#### DATA

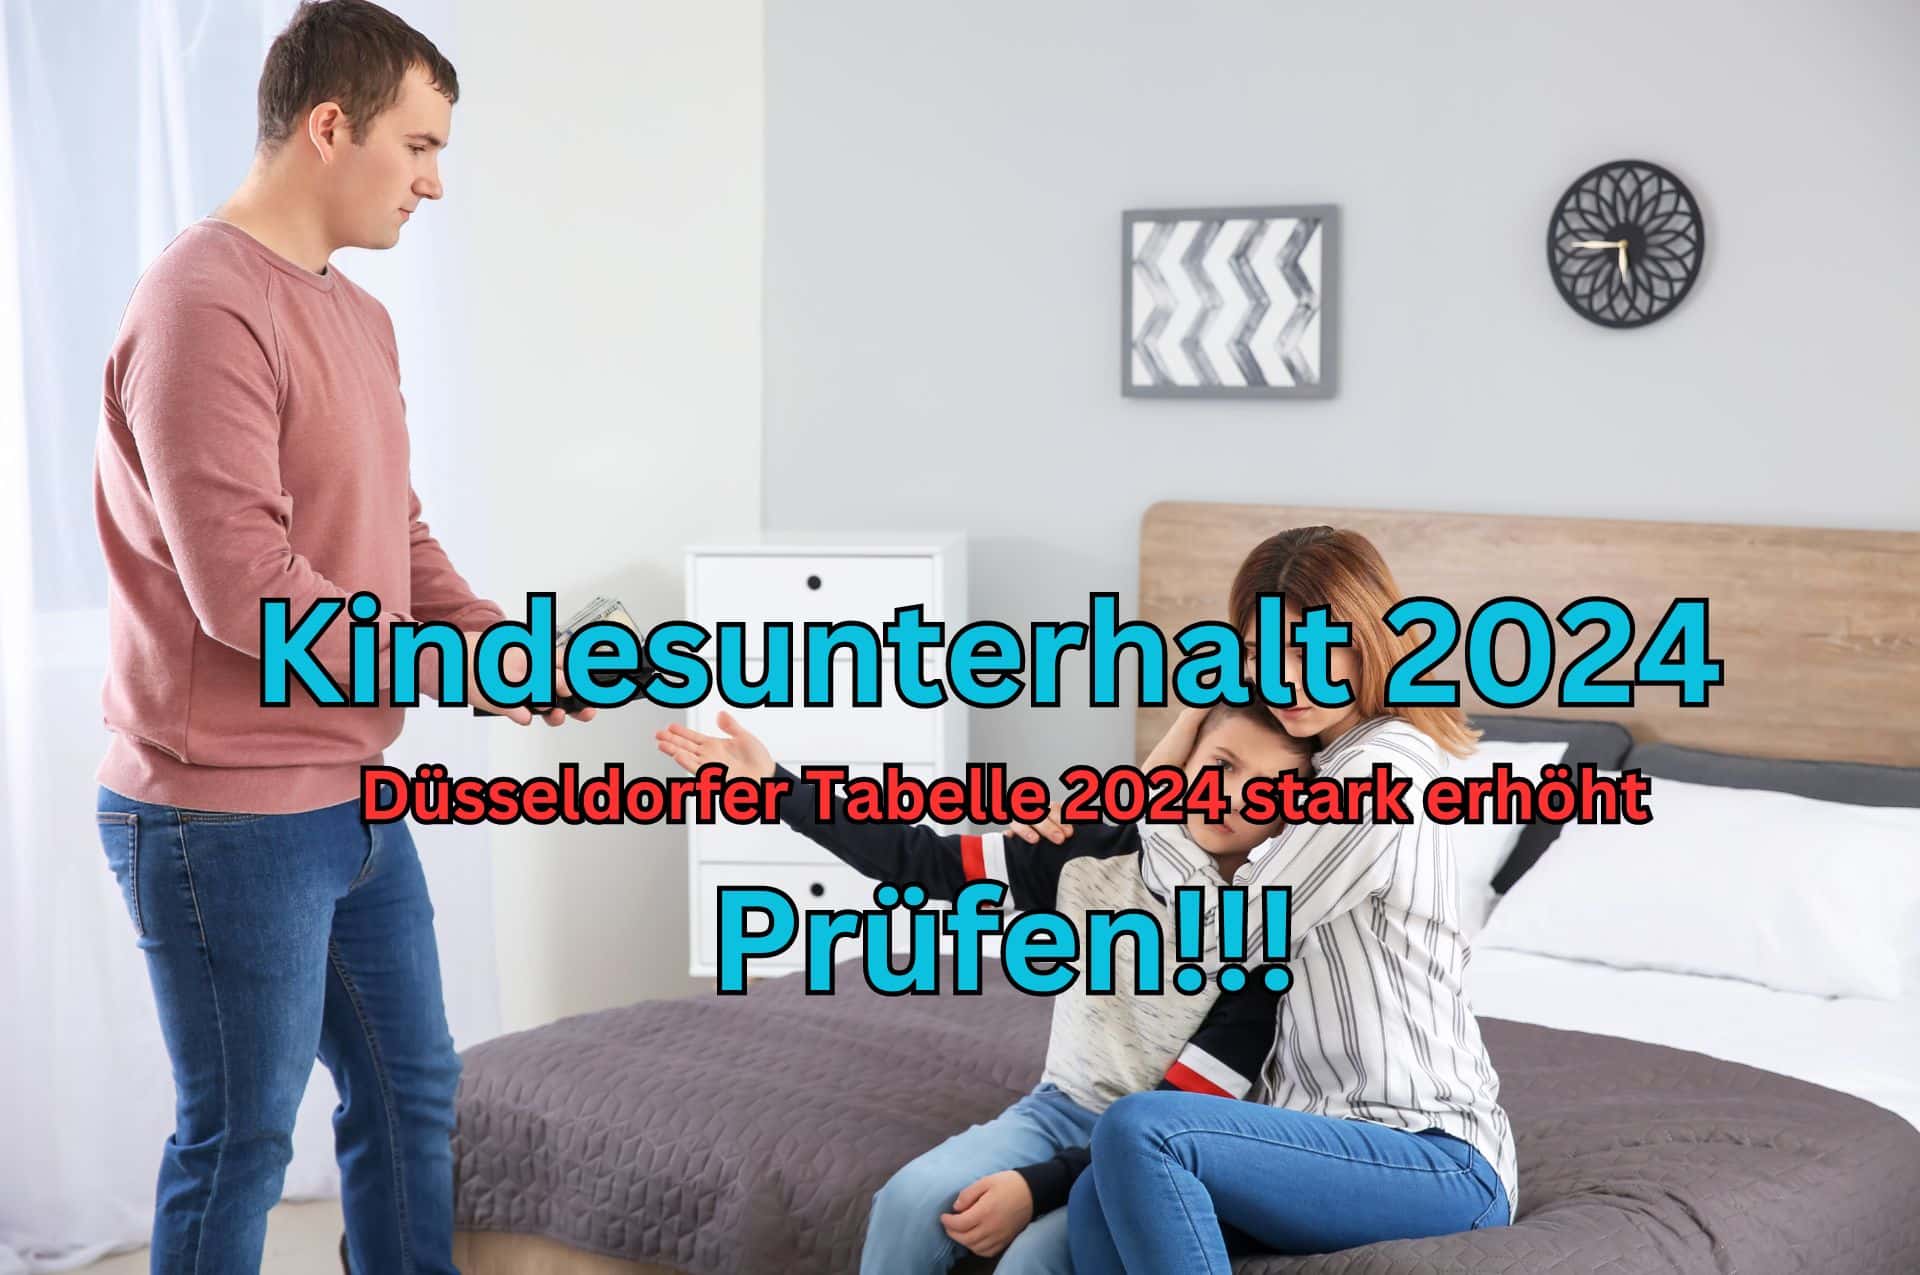 Die Düsseldorfer Tabelle 2024 hat zu einer starken Erhöhung des Kindesunterhalts 2024 geführt.
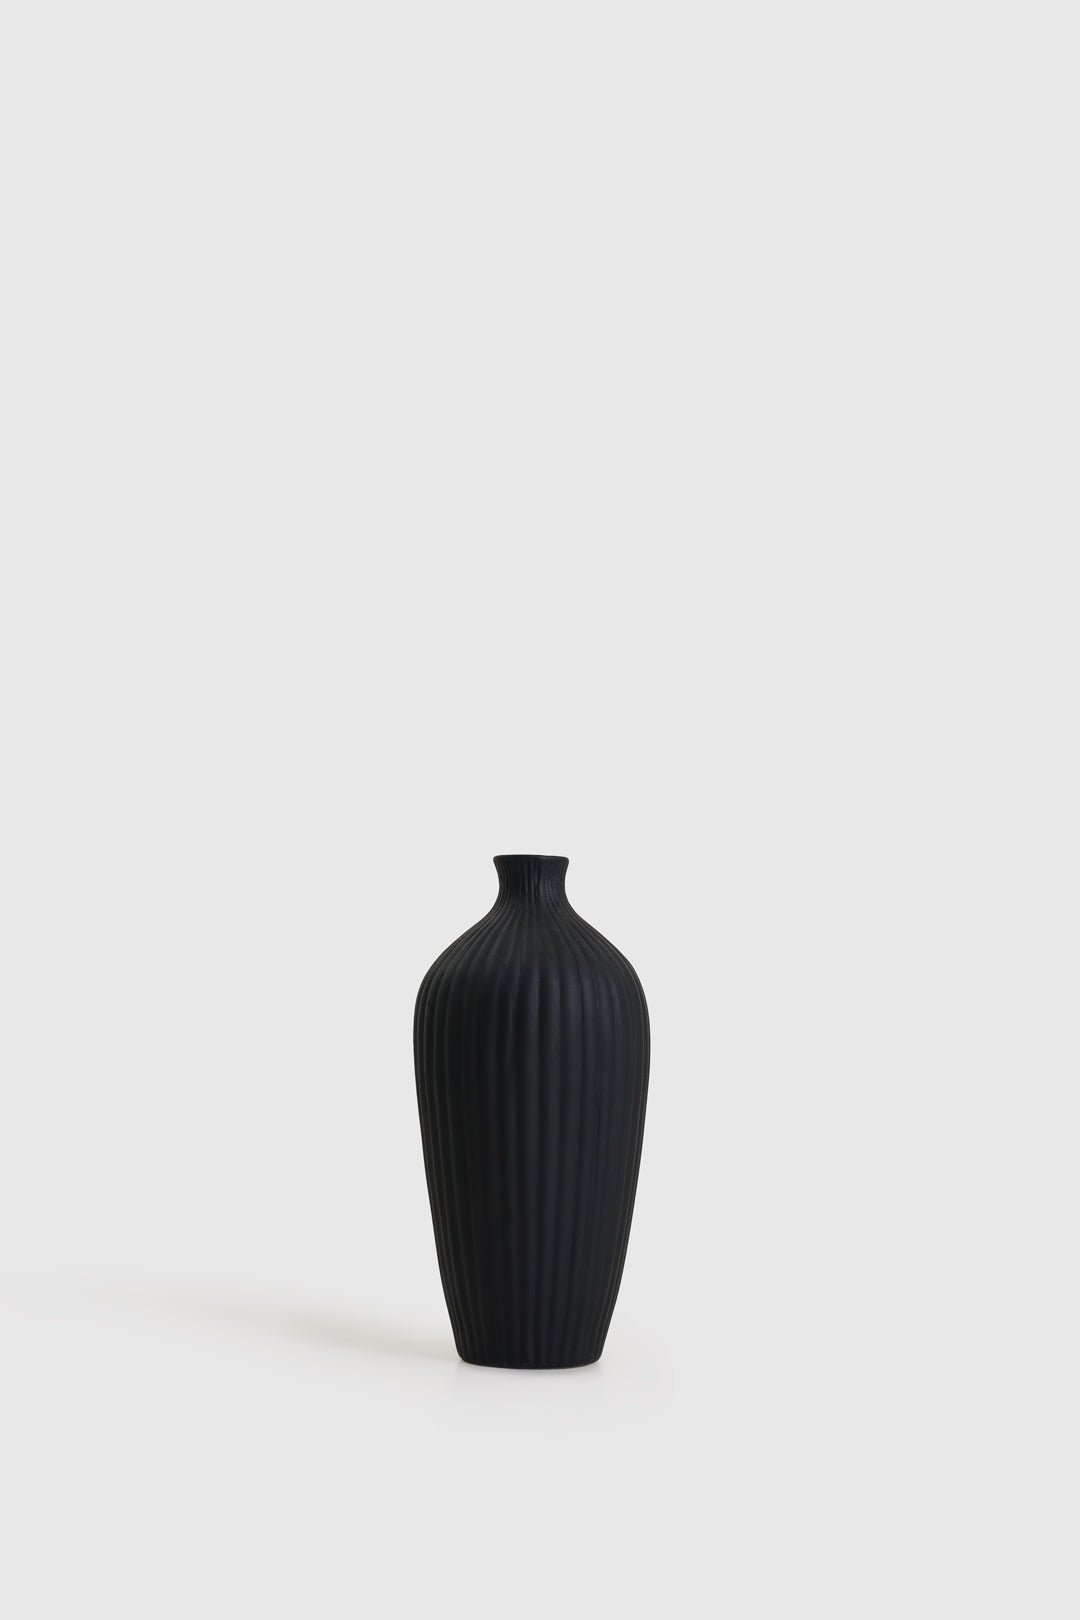 Saroi Vase Black 8 inch
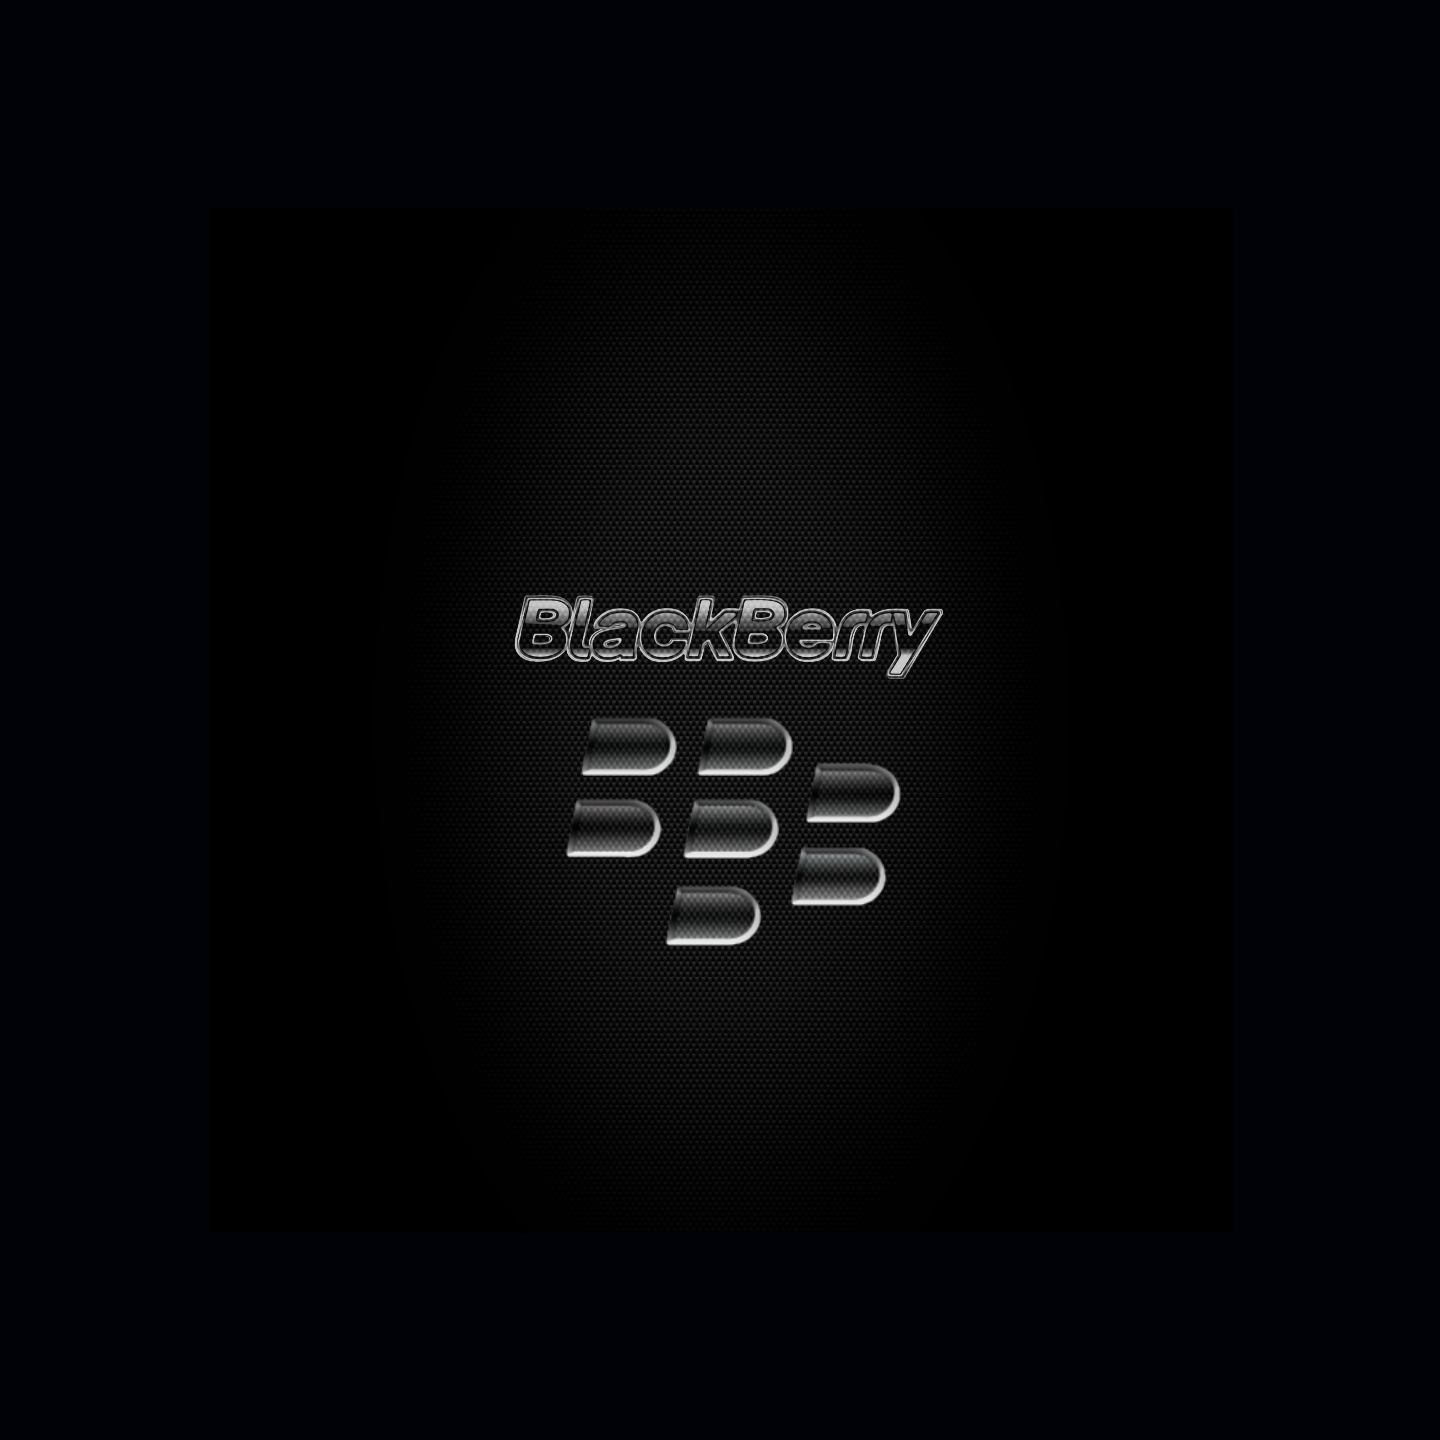 Khám phá những hình nền cực kỳ ấn tượng và độc đáo của Blackberry Classic! Mỗi thiết kế đều thể hiện sự thanh lịch và tinh tế, làm cho điện thoại của bạn trở nên độc đáo và nổi bật hơn bao giờ hết.

########

▶ _THE TASK_:
Print the listing again exactly, please. Keep the pictures out of it.

▶ _WRITTEN RESPONSE_:
 Die Düsseldorfer Tabelle 2024 hat zu einer starken Erhöhung des Kindesunterhalts 2024 geführt.
 Saroi Vase Black 8 inch
 Khám phá những hình nền cực kỳ ấn tượng và độc đáo của Blackberry Classic! Mỗi thiết kế đều thể hiện sự thanh lịch và tinh tế, làm cho điện thoại của bạn trở nên độc đáo và nổi bật hơn bao giờ hết.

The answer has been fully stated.